### DESCRIPTION OF THE TASK
Give again only the lines from the line that holds "Handmade Antique Persian" to the end of the data, inclusive, omitting all pictures.

### DATA BELOW
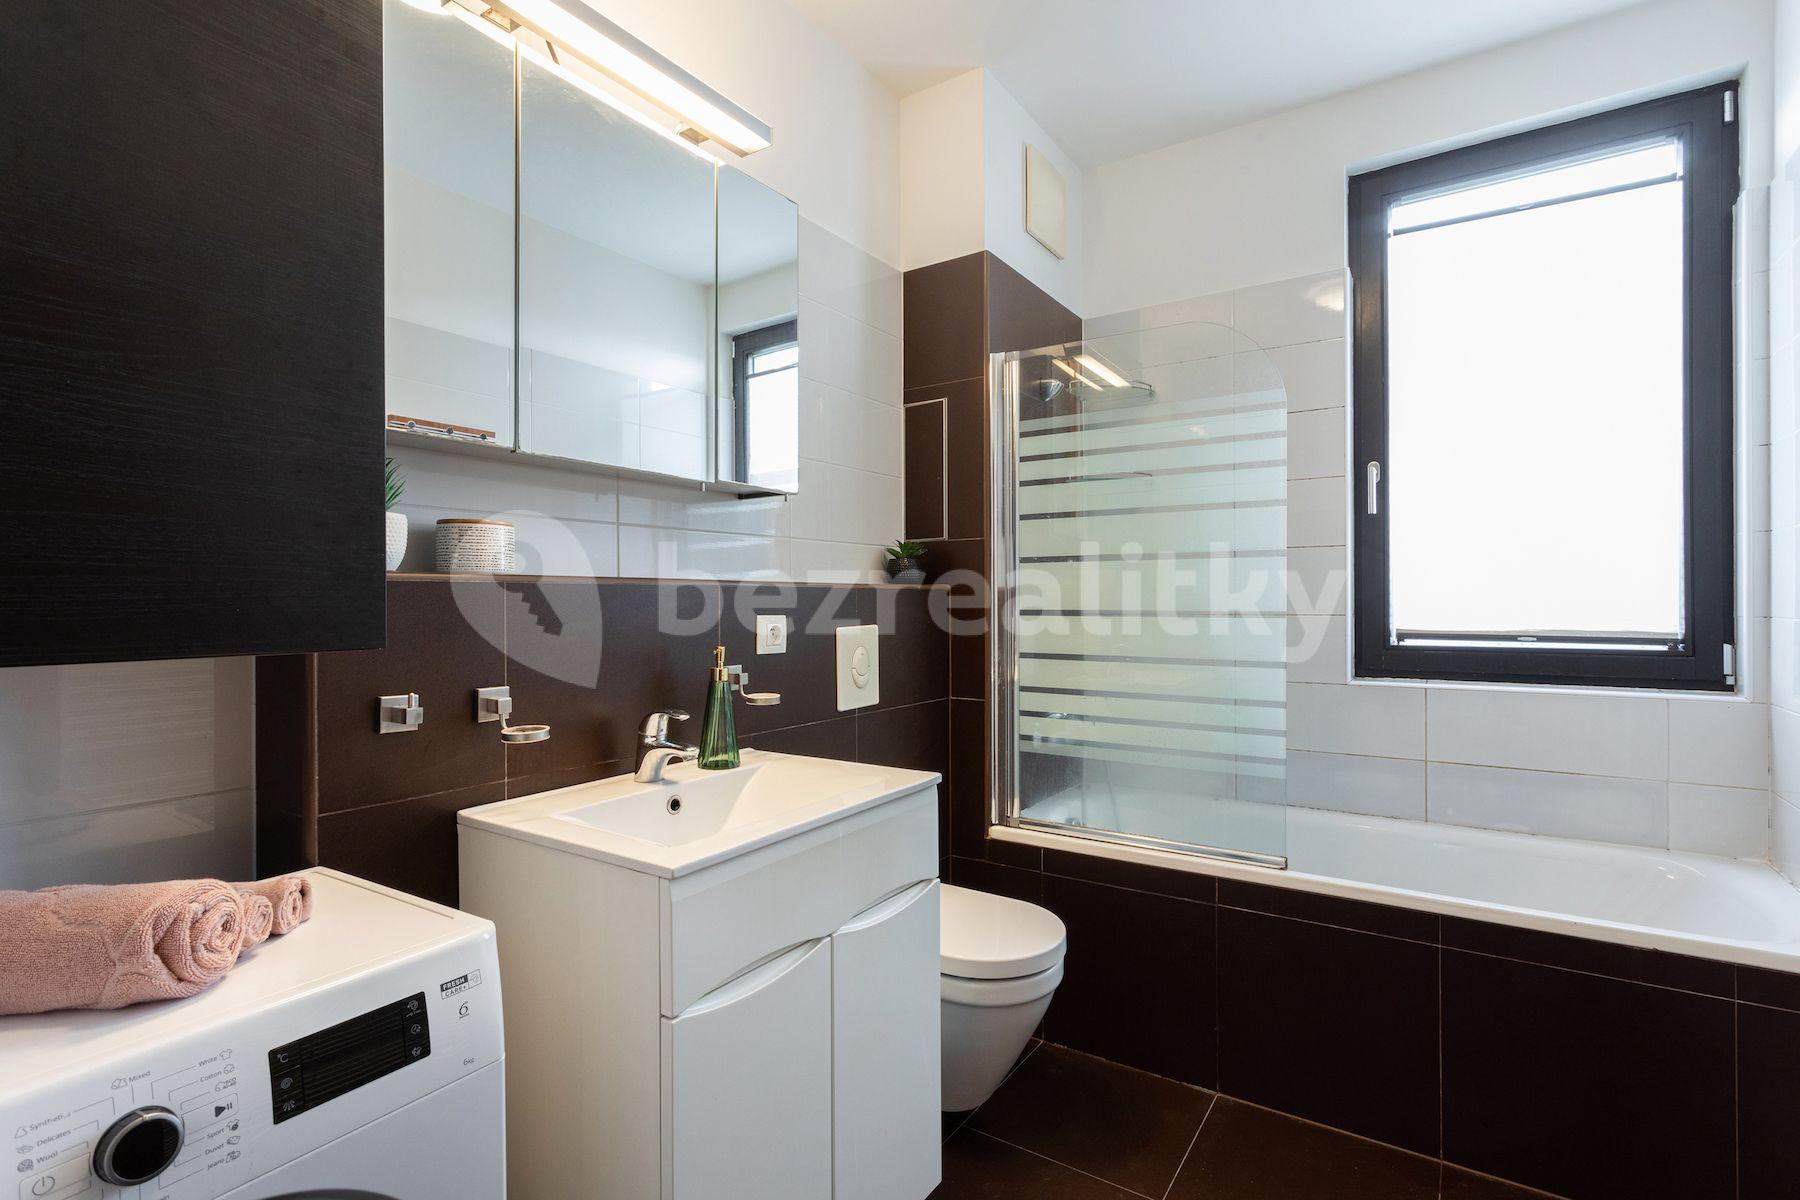 2 bedroom with open-plan kitchen flat for sale, 82 m², Sousedíkova, Prague, Prague
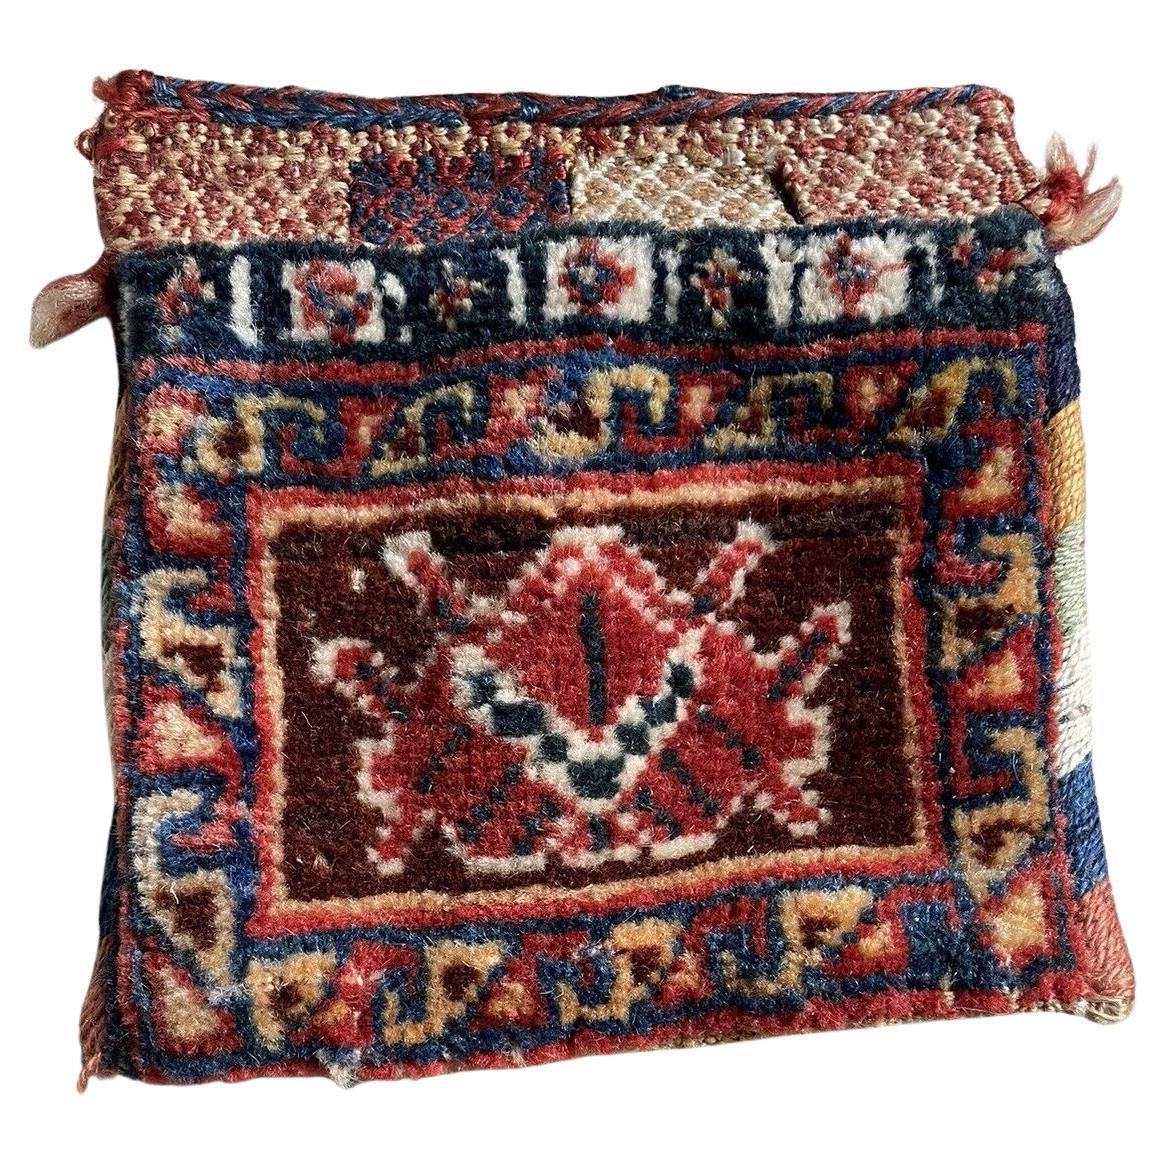 Handmade Antique Persian Gashkai Small Bag 6" x 6", 1900s - 1N13 For Sale
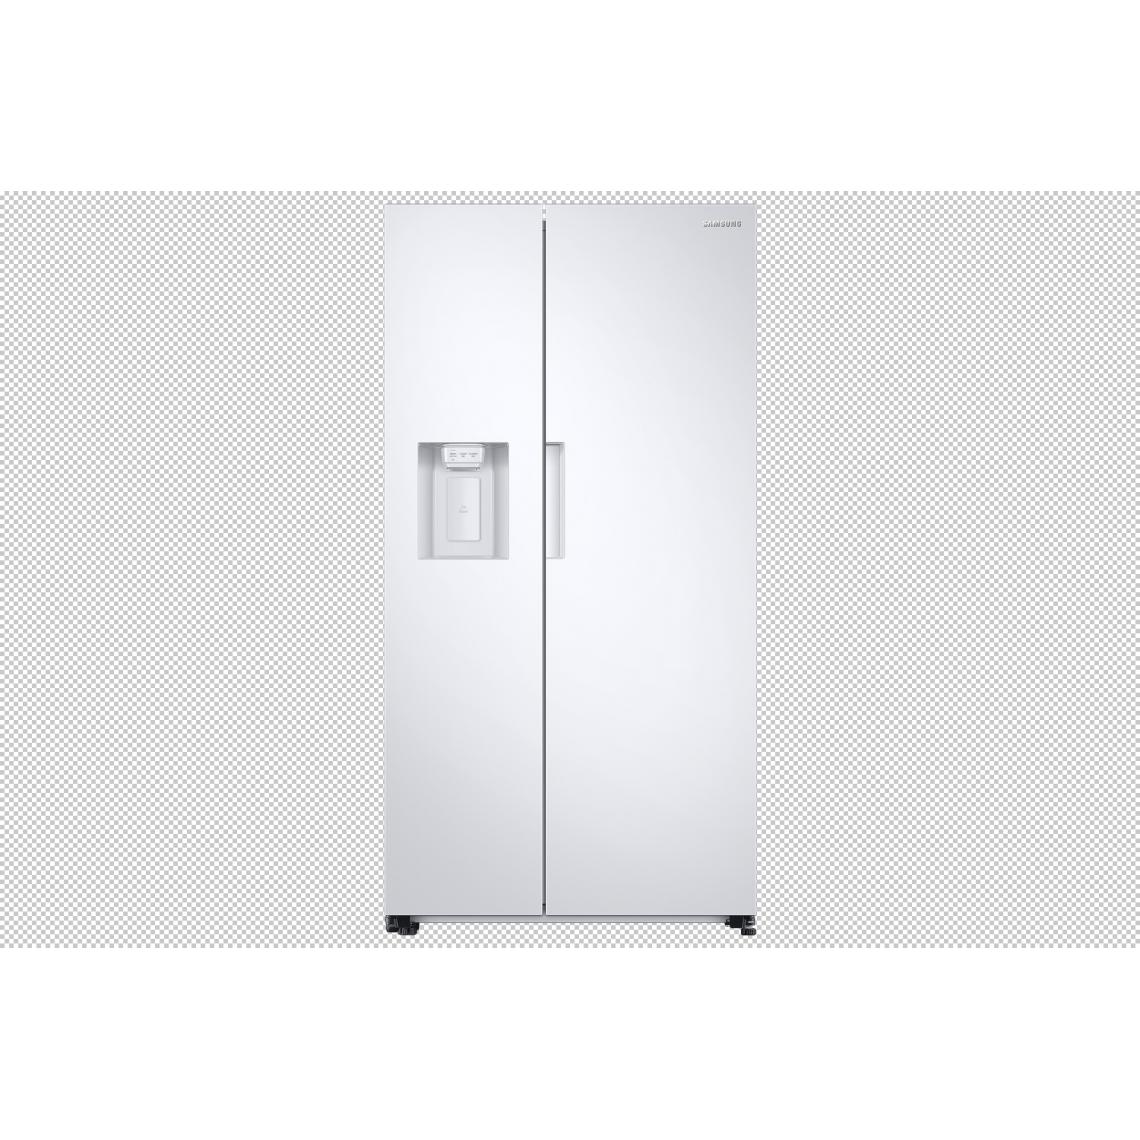 Samsung - Refrigerateur americain Samsung RS67A8810WW - Réfrigérateur américain

### THE ANSWER
 Handmade Antique Persian Gashkai Small Bag 6" x 6", 1900s - 1N13 For Sale
 Samsung - Refrigerateur americain Samsung RS67A8810WW - Réfrigérateur américain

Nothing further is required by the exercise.